Personal Encryptor with Nonbreakable Inforation-theoretic Security

Description

The Personal Encryptor with Nonbreakable Information-theoretic Security seems rock solid.

nc challs.rumble.host 17171

The PoC's code is even available.

Solution

The encryption algorithm generates random bytes using os.urandom() and adds them to the position of the original character in the 63-character alphabet. Every 63 characters “wraps around” back to the original character.

def keygen(length):
    key = ""
    rnd_bytes = os.urandom(length)
    for i in range(length):
        pos = rnd_bytes[i] % len(ALPHABET)
        key += ALPHABET[pos]
    return key
    
...

def encrypt(key, msg):
    assert len(key) == len(msg), "For Information-theoretic security the key needs to be as long as the msg."

    ciphertext = ""

    for i in range(len(msg)):
        msg_c = msg[i]
        key_c = key[i]

        if msg_c not in ALPHABET:
            ValueError(f"Can't encrypt char: {msg_c}")

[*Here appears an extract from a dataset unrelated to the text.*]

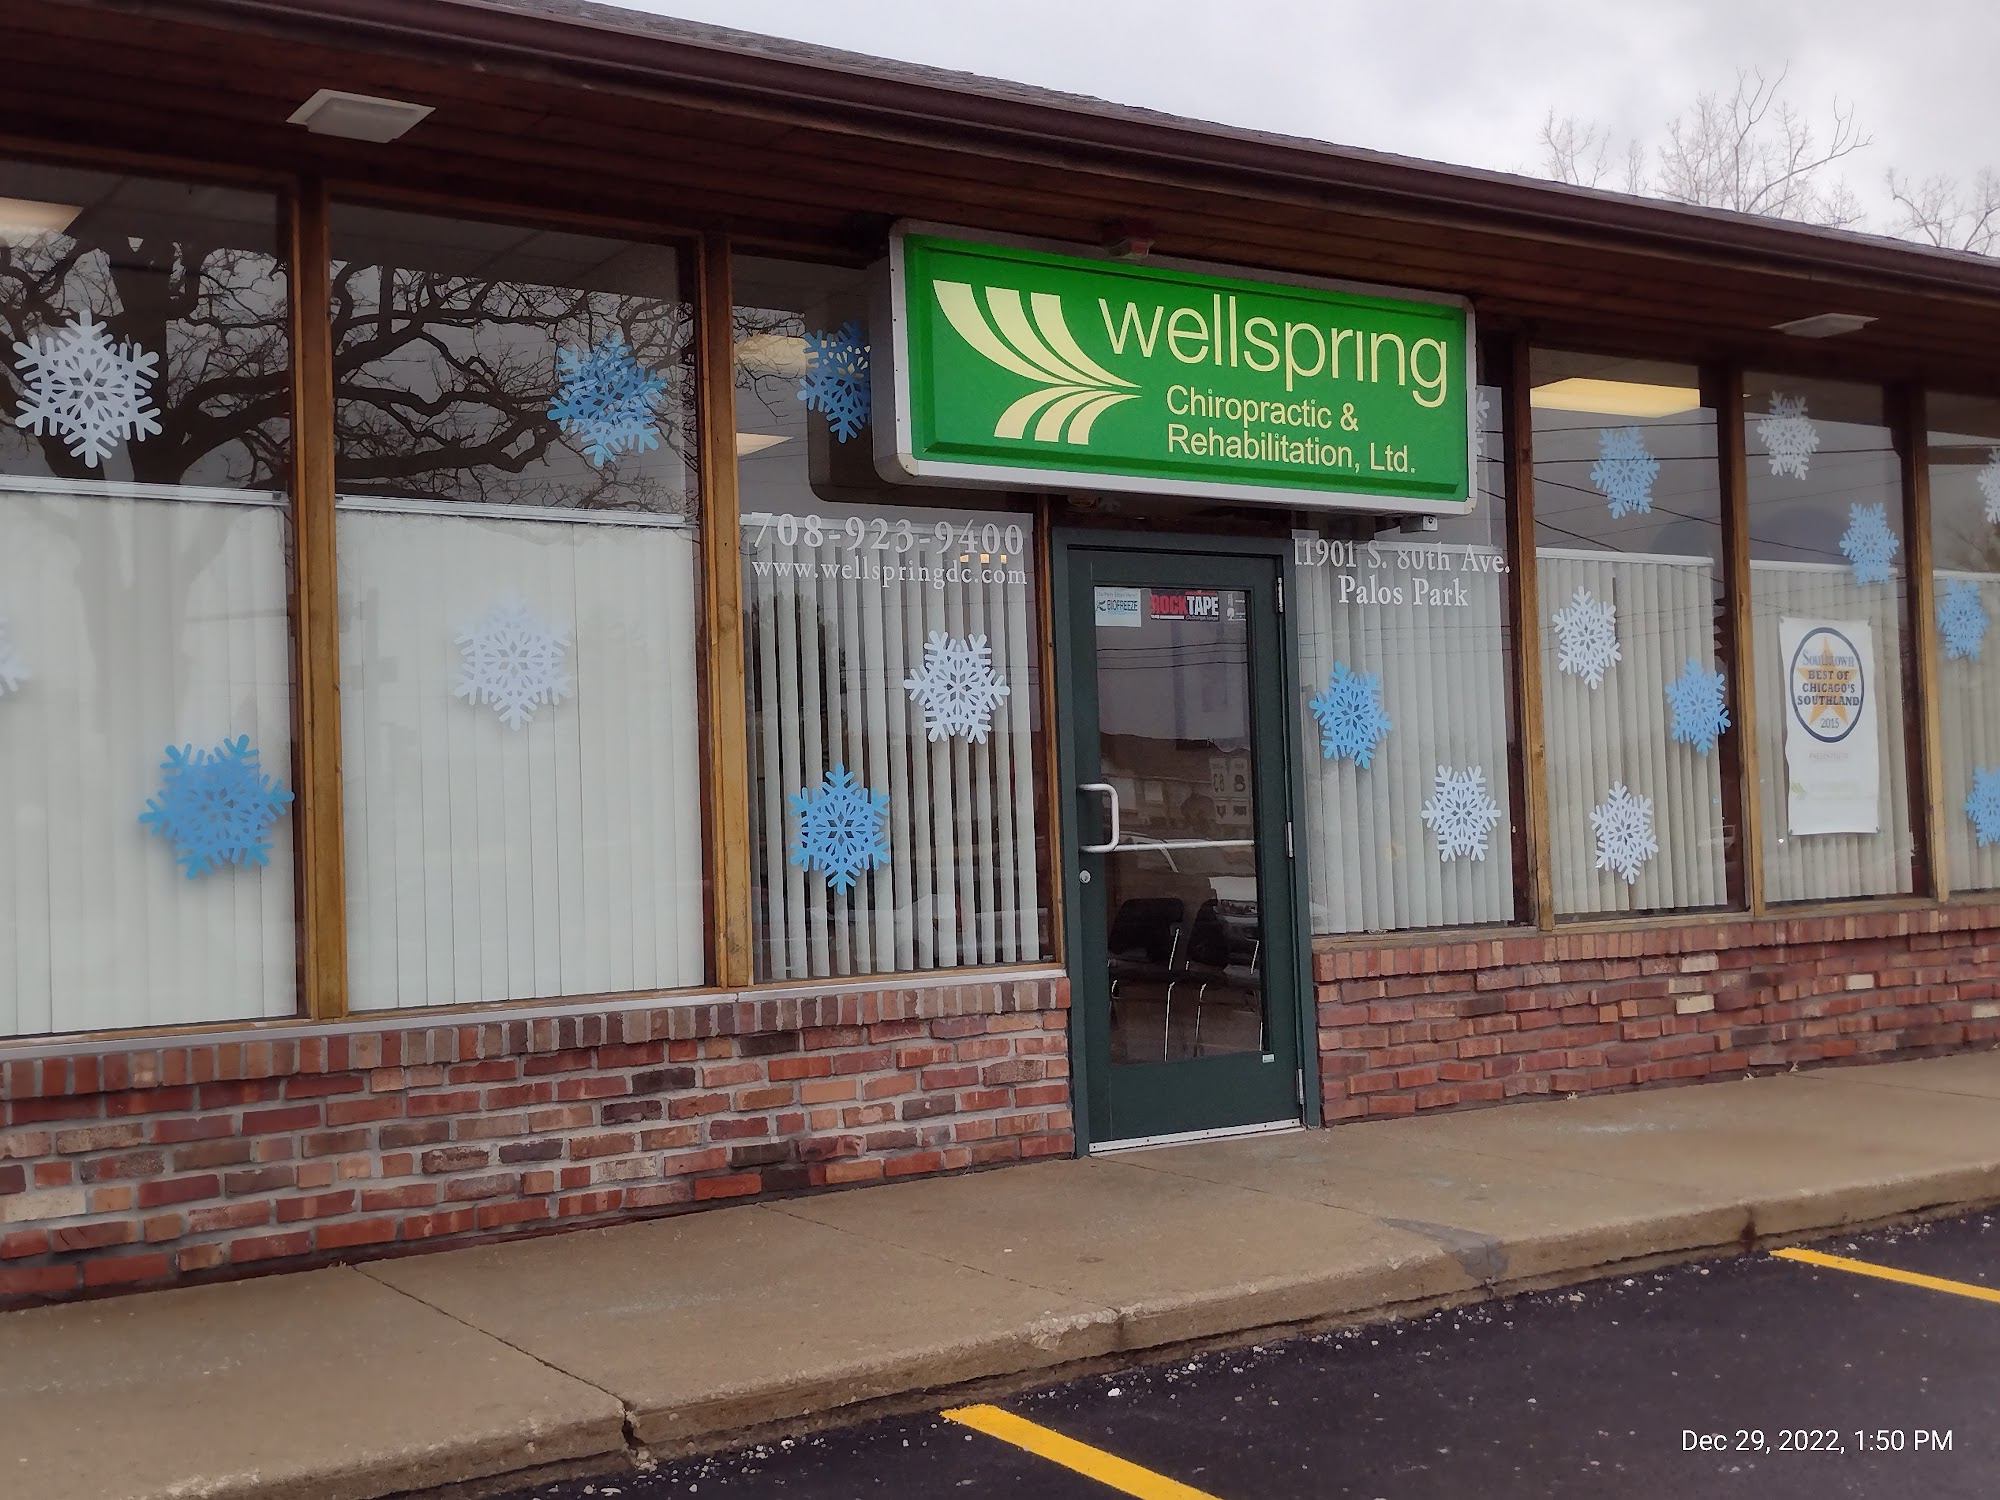 Wellspring Chiropractic & Rehabilitation, Ltd. 11901 S 80th Ave, Palos Park Illinois 60464
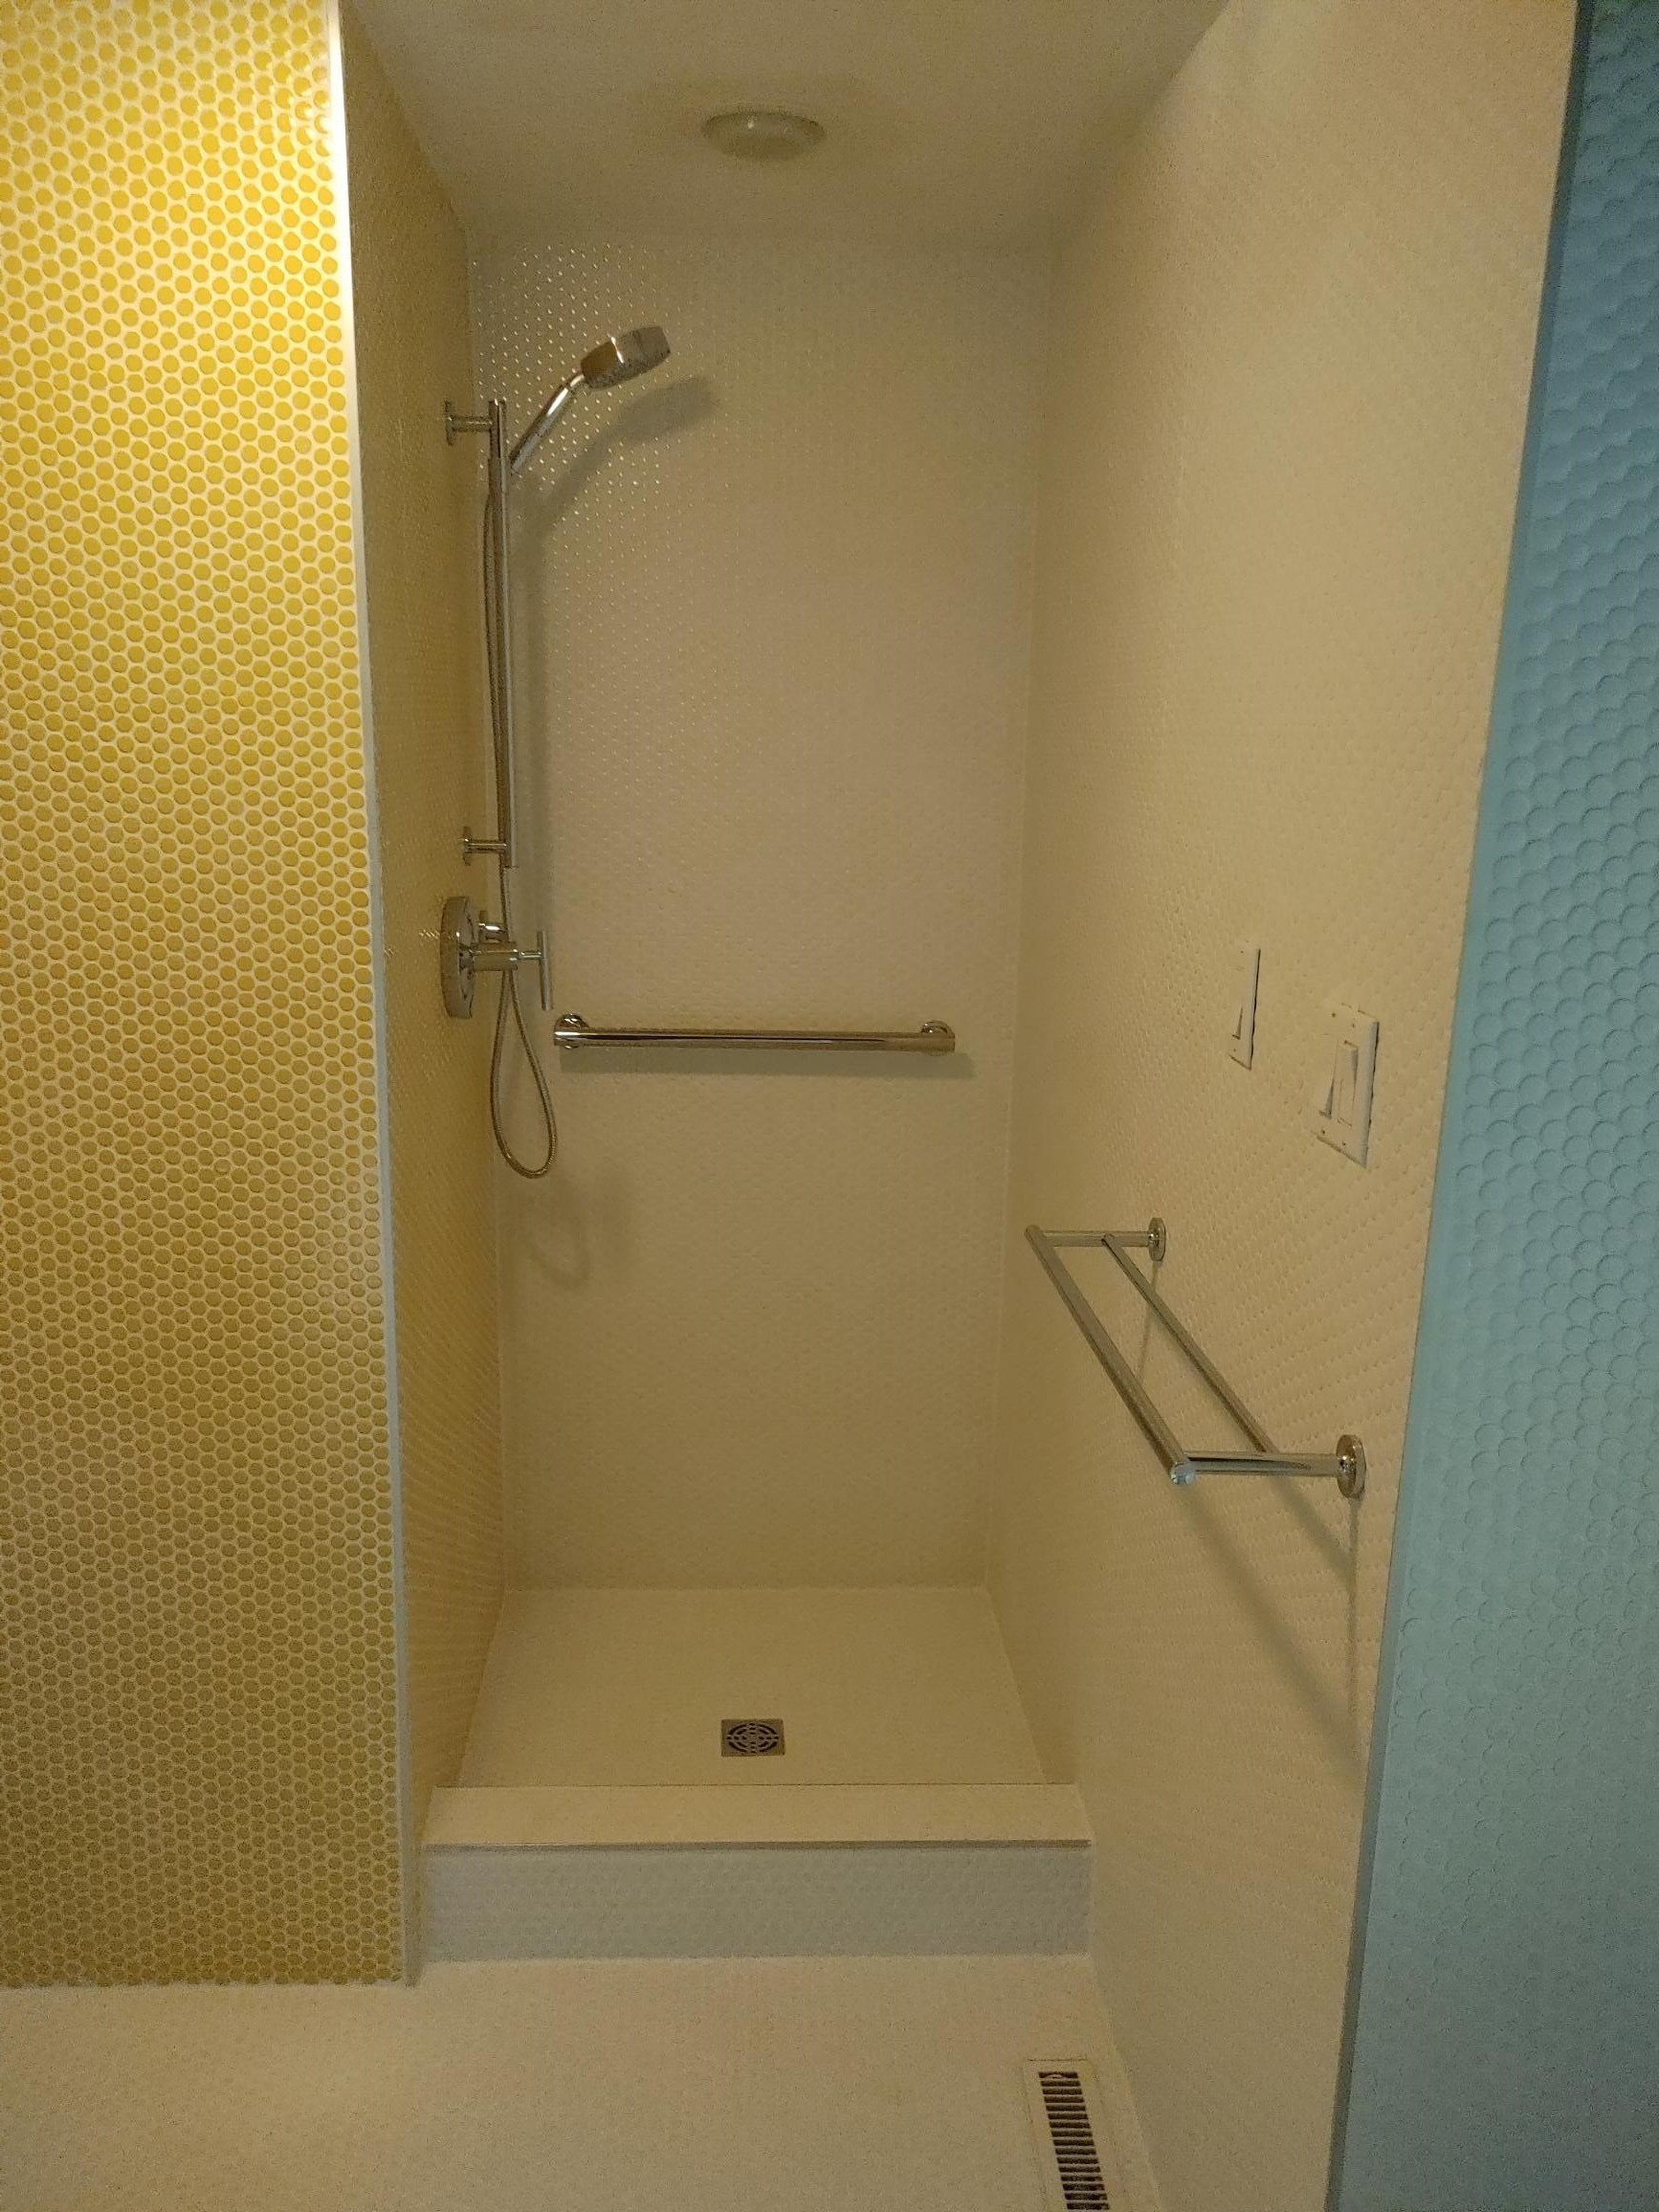 Alburquerque  bathroom remodel

        msg_pos_c = ALPHABET.index(msg_c)
        key_pos_c = ALPHABET.index(key_c)

        new_pos = (msg_pos_c + key_pos_c) % len(ALPHABET)
        ciphertext += ALPHABET[new_pos]

    return ciphertext

Notice that the bytes will range from 0 to 255, and given that each byte has an equal probability of being chosen, the original character, and the $255\mod{63}=3$ characters that follow, will have a slightly higher probability of ending up in the ciphertext.

We can obtain a maximum of 1000 ciphertexts, but we can simply reconnect any number of times to get more ciphertexts. If we do this enough times, we will naturally observe that at each position of the flag, the highest frequency character that appears in the ciphertext would be one of the 4 characters (original, and the 3 characters that follow) that have a higher probability of appearing in the ciphertext.

At this point, we would know what the flag roughly looks like. Since we are provided with the SHA256 hash of the flag, we can simply brute force the offsets to obtain the original flag.

There is only a maximum of $4^{13}$ combinations to try (the first 4 characters CSR{ are known, and the highest frequency character is at an offset of either +0, +1, +2 or +3 from the original message).